Each line of the data must reappear exactly in your answer, with no images included.

# Information provided
....

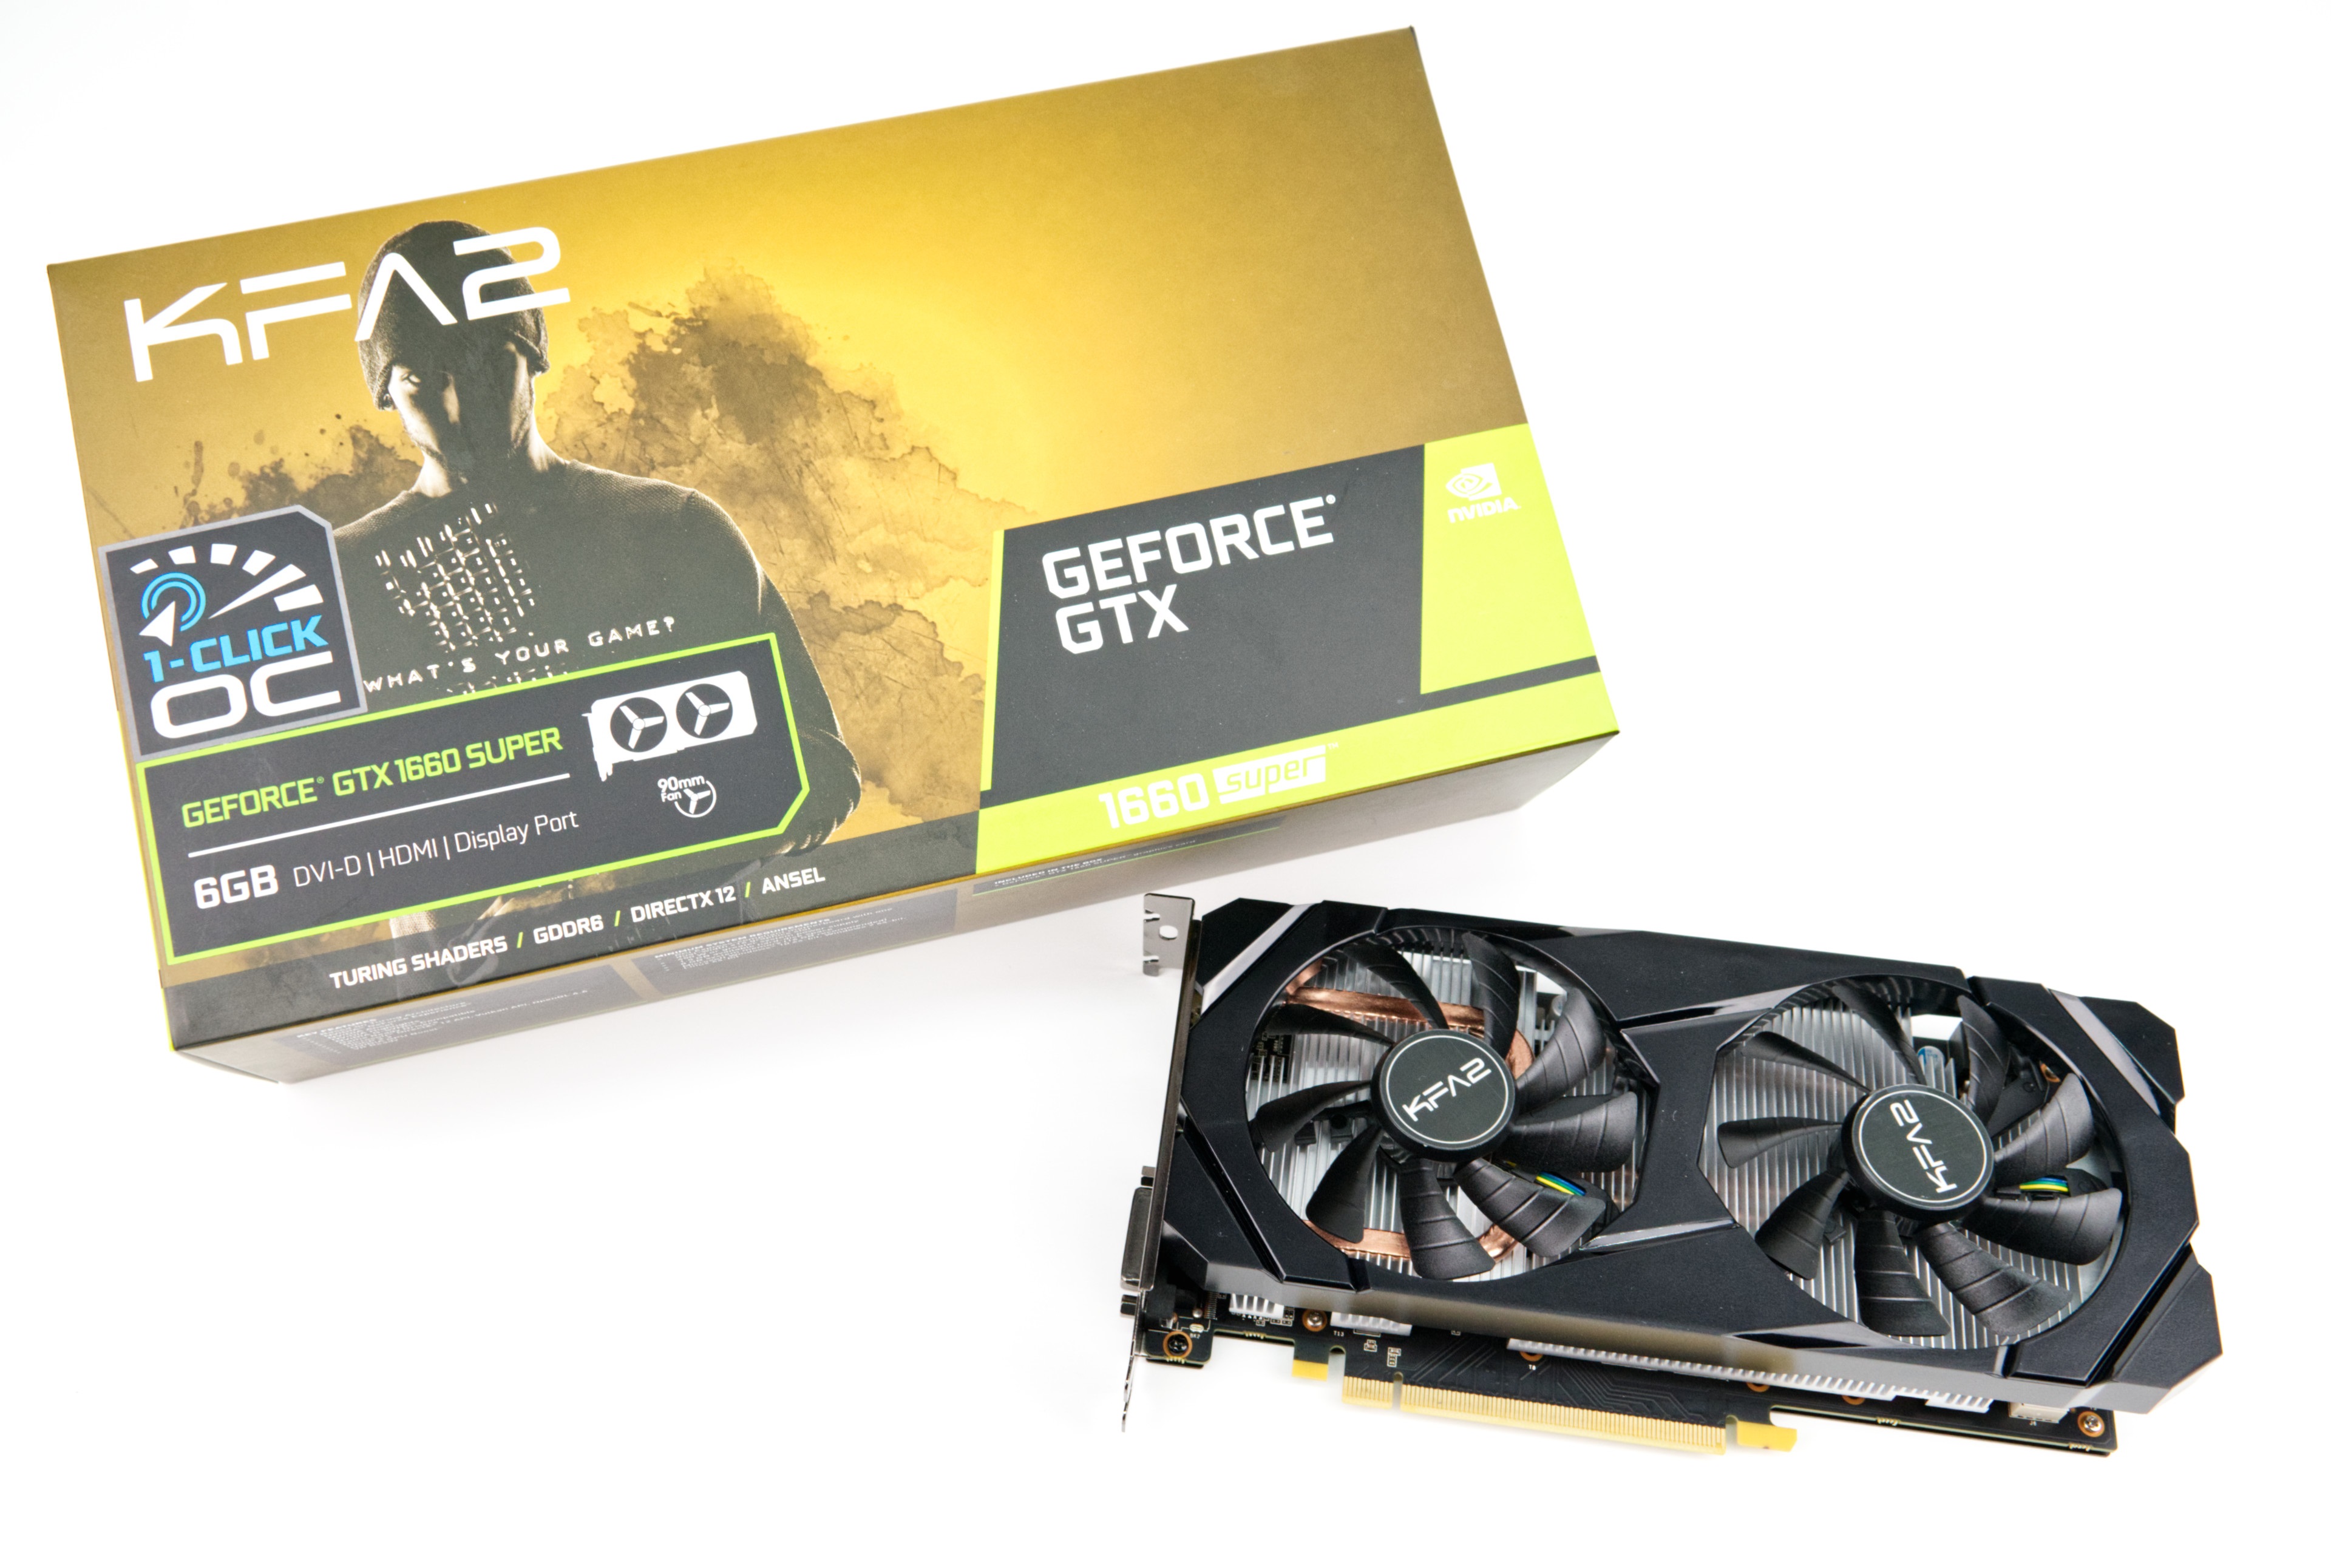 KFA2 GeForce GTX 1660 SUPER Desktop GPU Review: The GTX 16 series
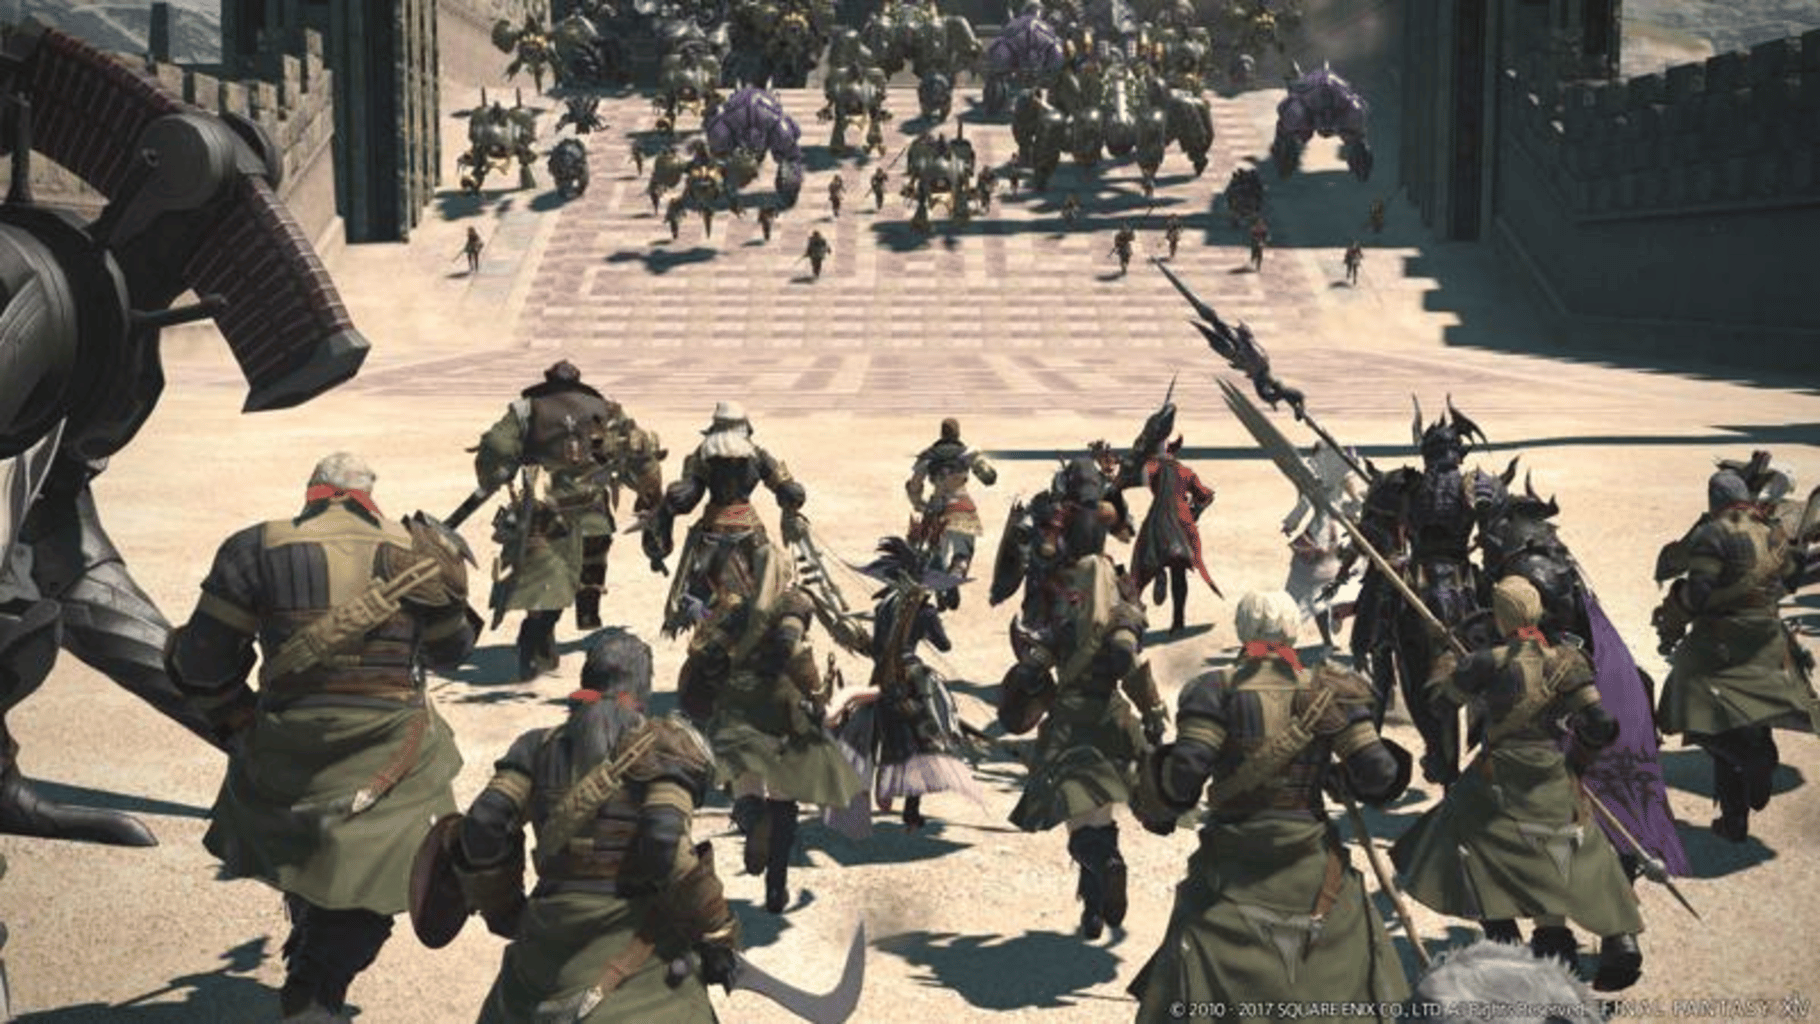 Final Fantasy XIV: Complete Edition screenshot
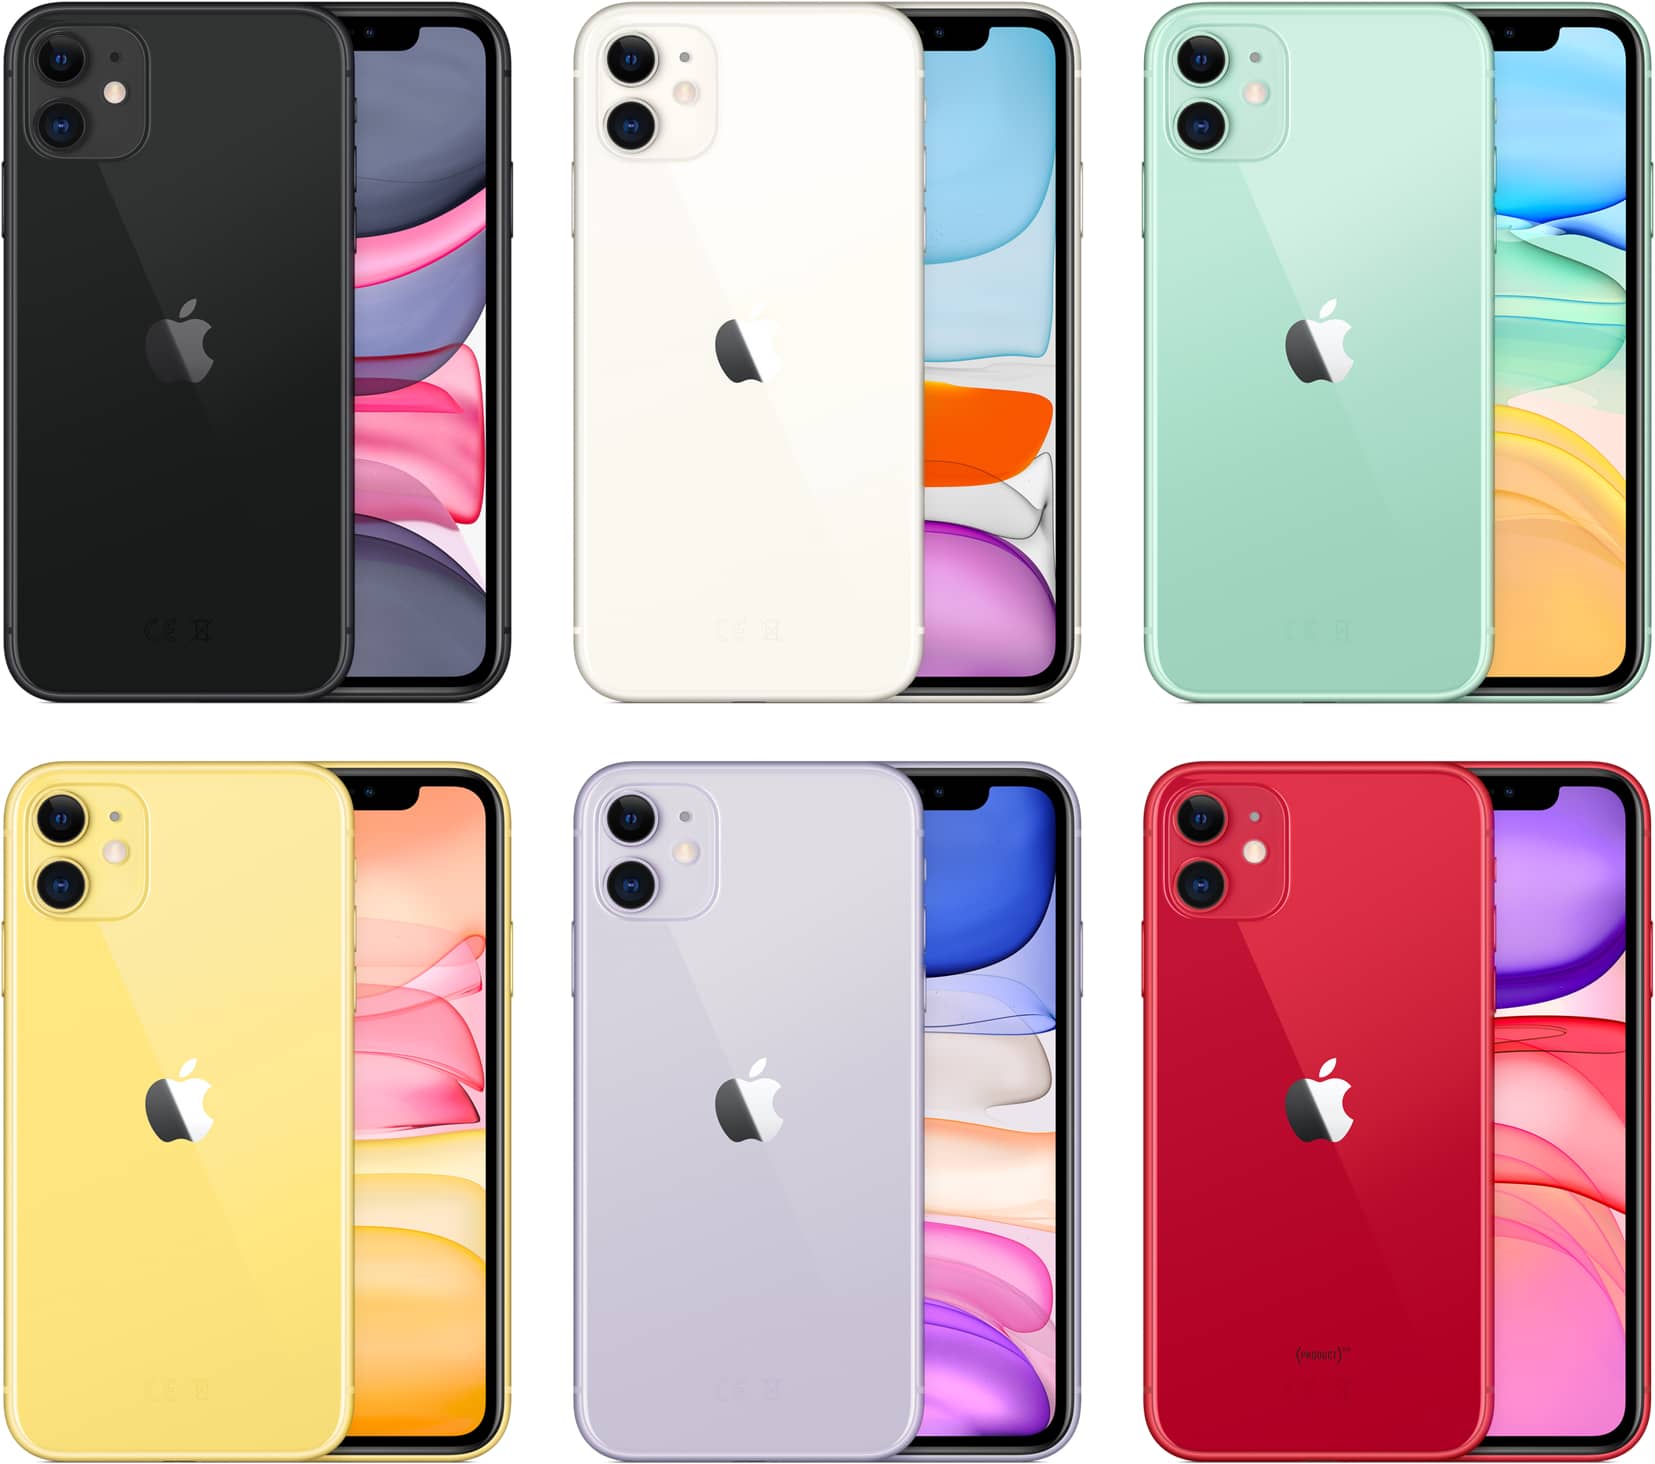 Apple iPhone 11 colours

....

# Task response
 KFA2 GeForce GTX 1660 SUPER Desktop GPU Review: The GTX 16 series
 Final Fantasy XIV: Complete Edition screenshot
 Apple iPhone 11 colours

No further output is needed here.